- Interactive map of the Whornes Place area

General information
- Architectural style: Arts and Crafts
- Location: Petersham, London Borough of Richmond upon Thames, England
- Coordinates: 51°26′30″N 0°18′10″W﻿ / ﻿51.4416°N 0.3029°W
- Completed: 1925

Design and construction
- Architect: Blunden Shadbolt

Listed Building – Grade II
- Official name: 254, PETERSHAM ROAD
- Designated: 7 August 2001
- Reference no.: 1389380

= Whornes Place, Petersham =

House in Petersham, London

Whornes Place is a house in Petersham, in the London Borough of Richmond upon Thames. It was built in 1925 by Blunden Shadbolt.
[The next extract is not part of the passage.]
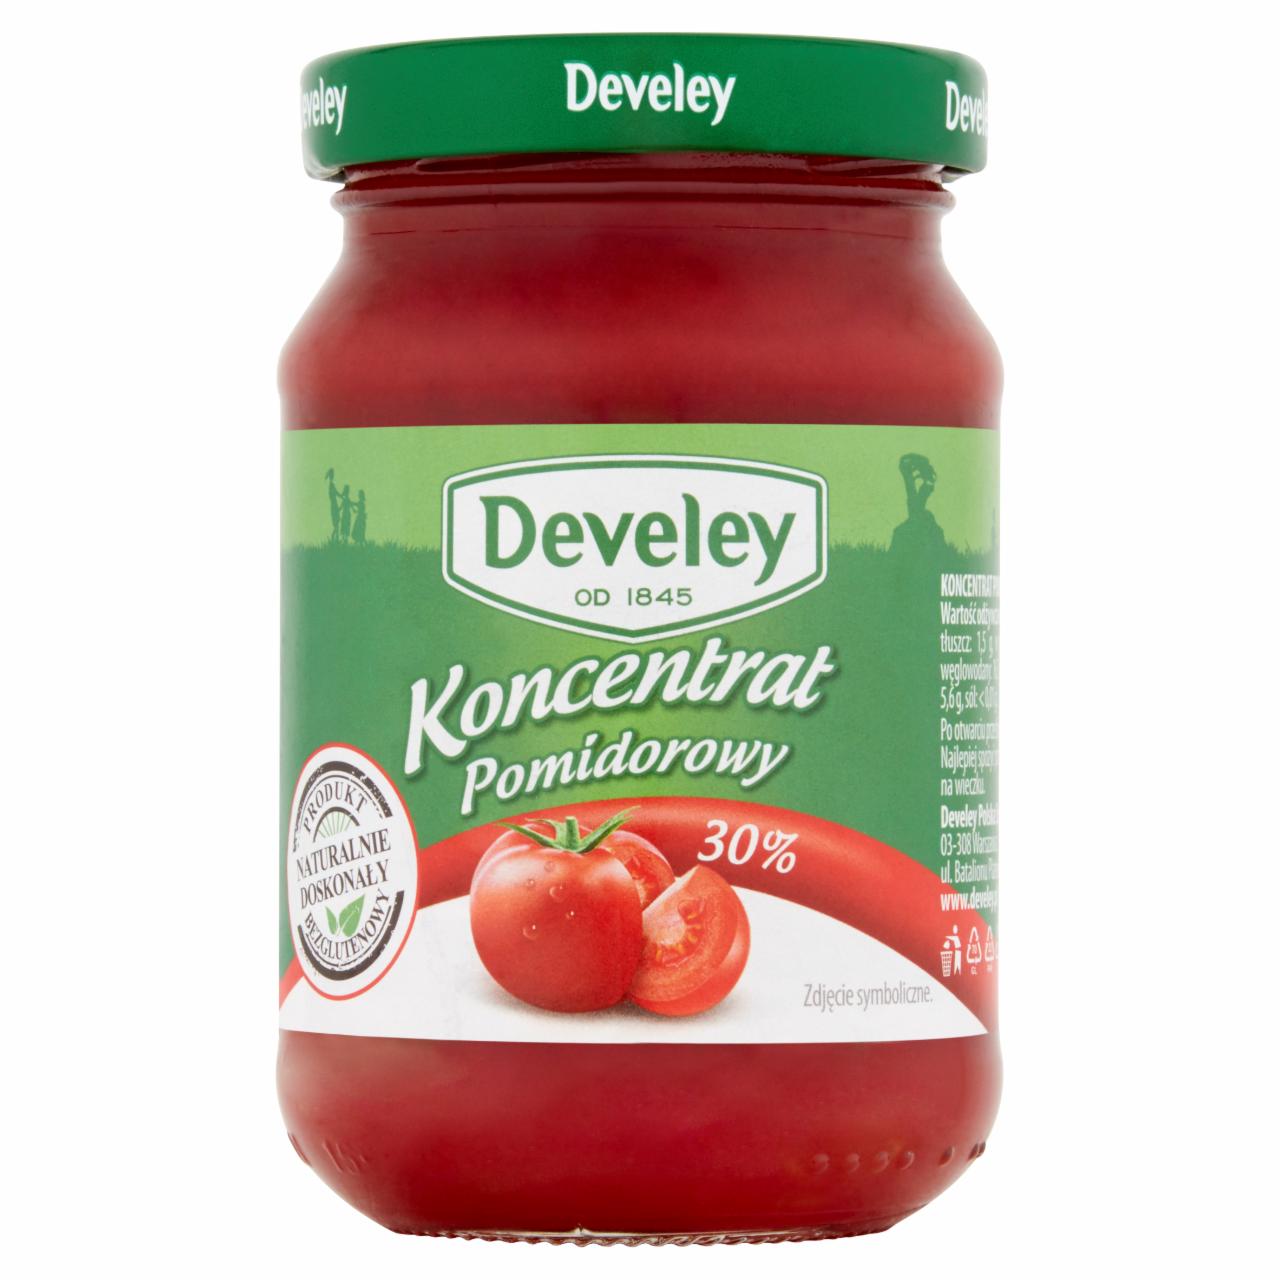 Zdjęcia - Develey Koncentrat pomidorowy 30% 180 g

The house is in the Arts and Crafts style and has Tudor influences. It includes materials from a similarly named Whornes Place in Cuxton which served as the home of Sir William Whorne. The original house was built in 1487 and pulled down in the 18th century; Shadbolt is said to have attempted to recreate the home as accurately as possible. It has been listed Grade II on the National Heritage List for England since 18 August 2001.

In 2012, it was reported that Brad Pitt and Angelina Jolie had bought the home for $16 million, although this was later proven to be false. They did however briefly live in the home in 2011. Other notable residents include Andrew Loog Oldham, Barry Ryan, and his wife Princess Miriam of Johore.